Note: The other way of solving this question is that we can put the value of K one by one in the options and lead it to the respected cosine formula. Whichever option is satisfied and results into $\dfrac{\cos \left( \alpha -\beta \right)}{\cos \left( \alpha +\beta \right)}$ will be the correct answer.

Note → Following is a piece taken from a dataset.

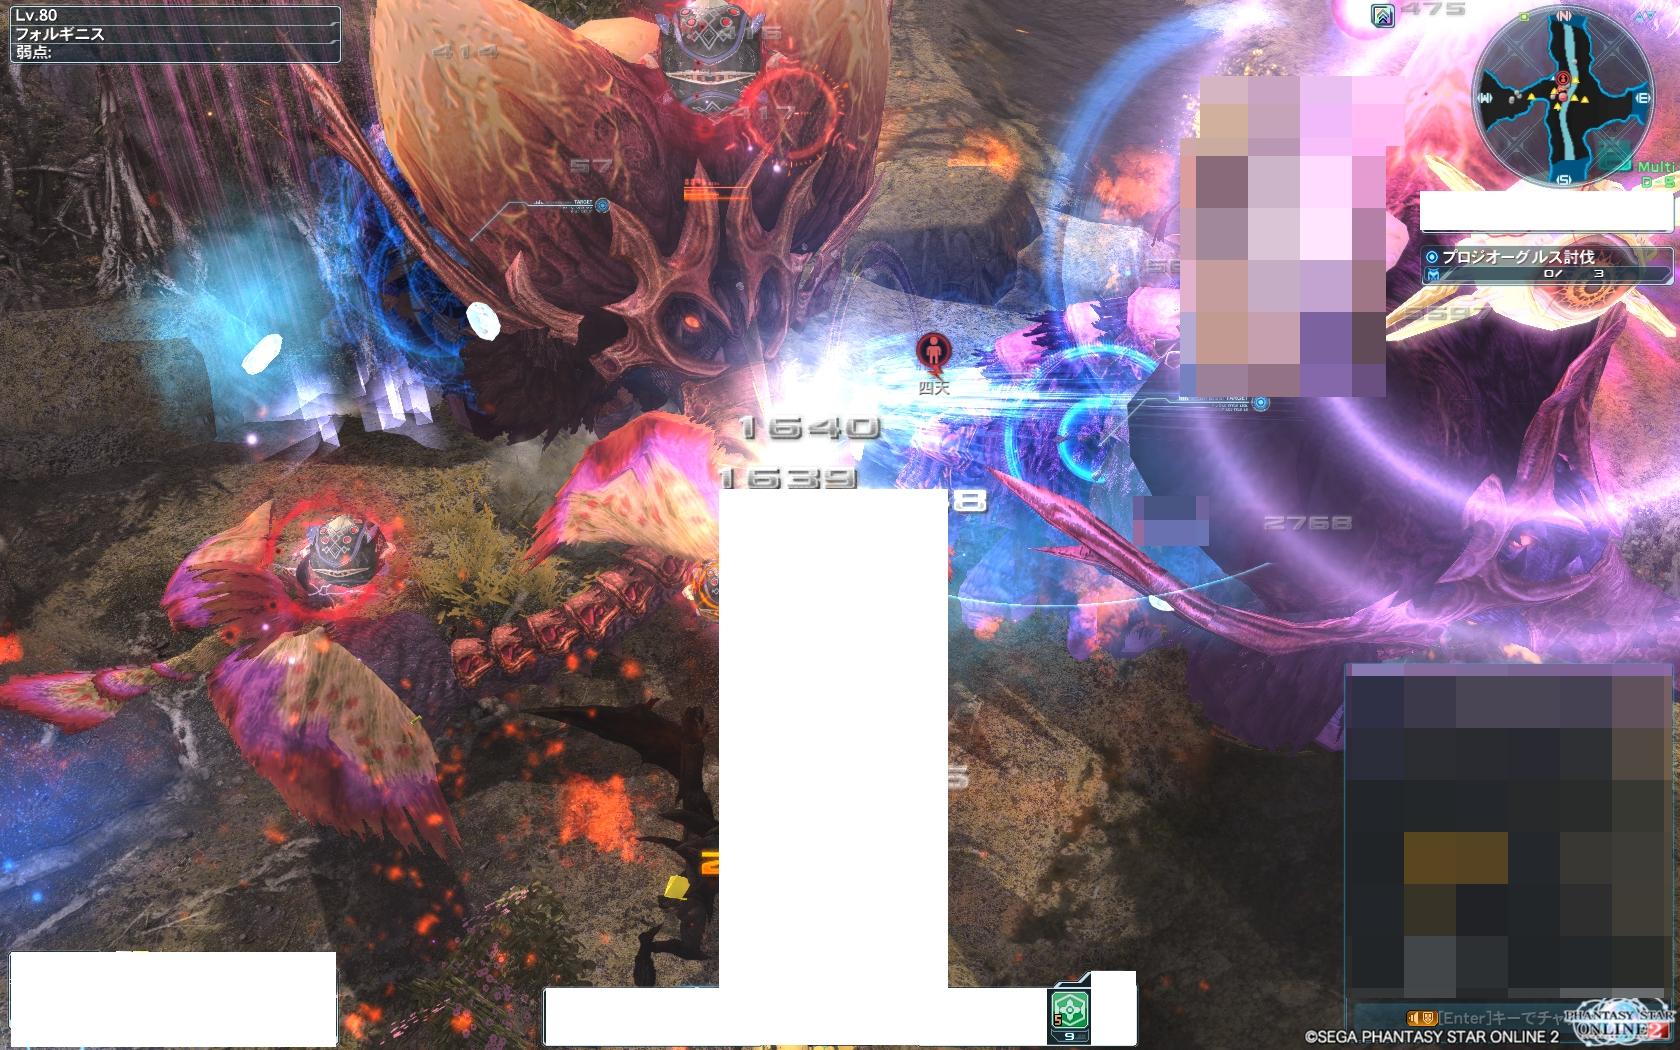 【PSO2】PHANTASY STAR ONLINE2 ship10 専スレ24 [無断転載禁止]©2ch.netYouTube動画>2本 ->画像>61枚
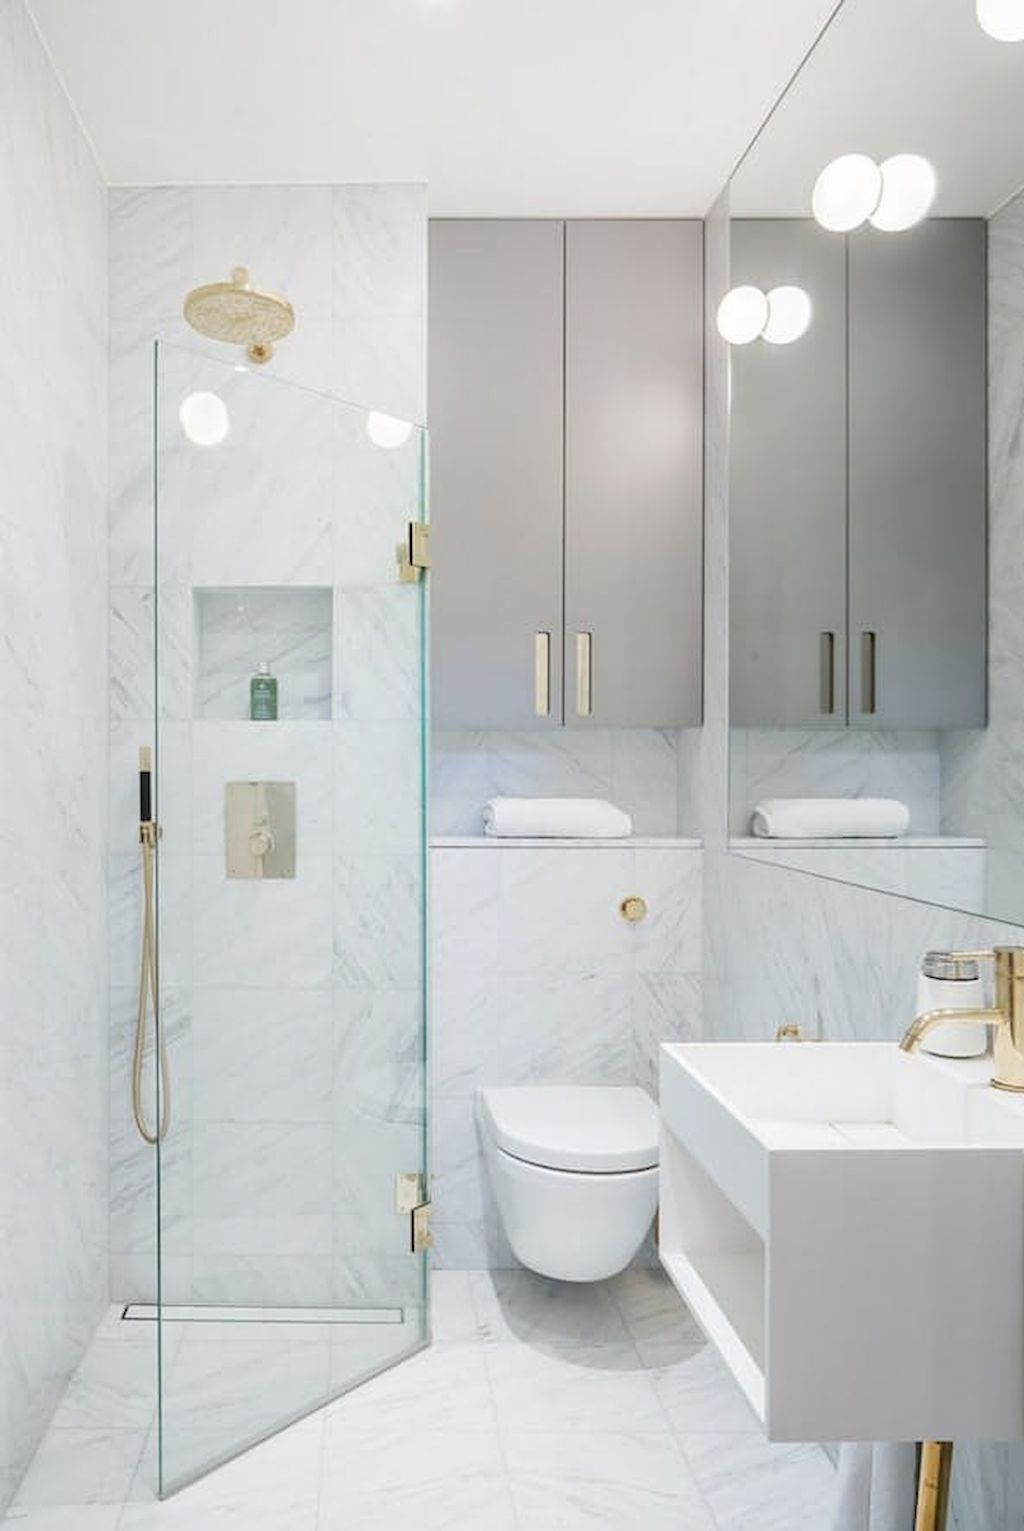 Cool small master bathroom remodel ideas on a budget (22)   Bathroom ...

For example we take the option (a) and substitute $K=\dfrac{\sin \left( \alpha \right)\sin \left( \beta \right)}{\cos \left( \alpha \right)\cos \left( \beta \right)}$ in it will result into,
$\begin{align}
  & \dfrac{1+K}{1-K}=\dfrac{1+\dfrac{\sin \left( \alpha \right)\sin \left( \beta \right)}{\cos \left( \alpha \right)\cos \left( \beta \right)}}{1-\dfrac{\sin \left( \alpha \right)\sin \left( \beta \right)}{\cos \left( \alpha \right)\cos \left( \beta \right)}} \\
 & \Rightarrow \dfrac{1+K}{1-K}=\dfrac{\dfrac{\cos \left( \alpha \right)\cos \left( \beta \right)+\sin \left( \alpha \right)\sin \left( \beta \right)}{\cos \left( \alpha \right)\cos \left( \beta \right)}}{\dfrac{\cos \left( \alpha \right)\cos \left( \beta \right)-\sin \left( \alpha \right)\sin \left( \beta \right)}{\cos \left( \alpha \right)\cos \left( \beta \right)}} \\
 & \Rightarrow \dfrac{1+K}{1-K}=\dfrac{\cos \left( \alpha \right)\cos \left( \beta \right)+\sin \left( \alpha \right)\sin \left( \beta \right)}{\cos \left( \alpha \right)\cos \left( \beta \right)-\sin \left( \alpha \right)\sin \left( \beta \right)} \\
\end{align}$
By the formulas $\cos \left( \alpha -\beta \right)=\cos \left( \alpha \right)\cos \left( \beta \right)+\sin \left( \alpha \right)\sin \left( \beta \right)$ and $\cos \left( \alpha +\beta \right)=\cos \left( \alpha \right)\cos \left( \beta \right)-\sin \left( \alpha \right)\sin \left( \beta \right)$ we will get $\dfrac{\cos \left( \alpha -\beta \right)}{\cos \left( \alpha +\beta \right)}=\dfrac{1+K}{1-K}$ which is the required answer here. We can also divide the numerator and denominator of the equation $\dfrac{\cos \left( \alpha -\beta \right)}{\cos \left( \alpha +\beta \right)}=\dfrac{\cos \left( \alpha \right)\cos \left( \beta \right)+\sin \left( \alpha \right)\sin \left( \beta \right)}{\cos \left( \alpha \right)\cos \left( \beta \right)-\sin \left( \alpha \right)\sin \left( \beta \right)}$ by $\sin \left( \alpha \right)\sin \left( \beta \right)$ also and we will get to the same result.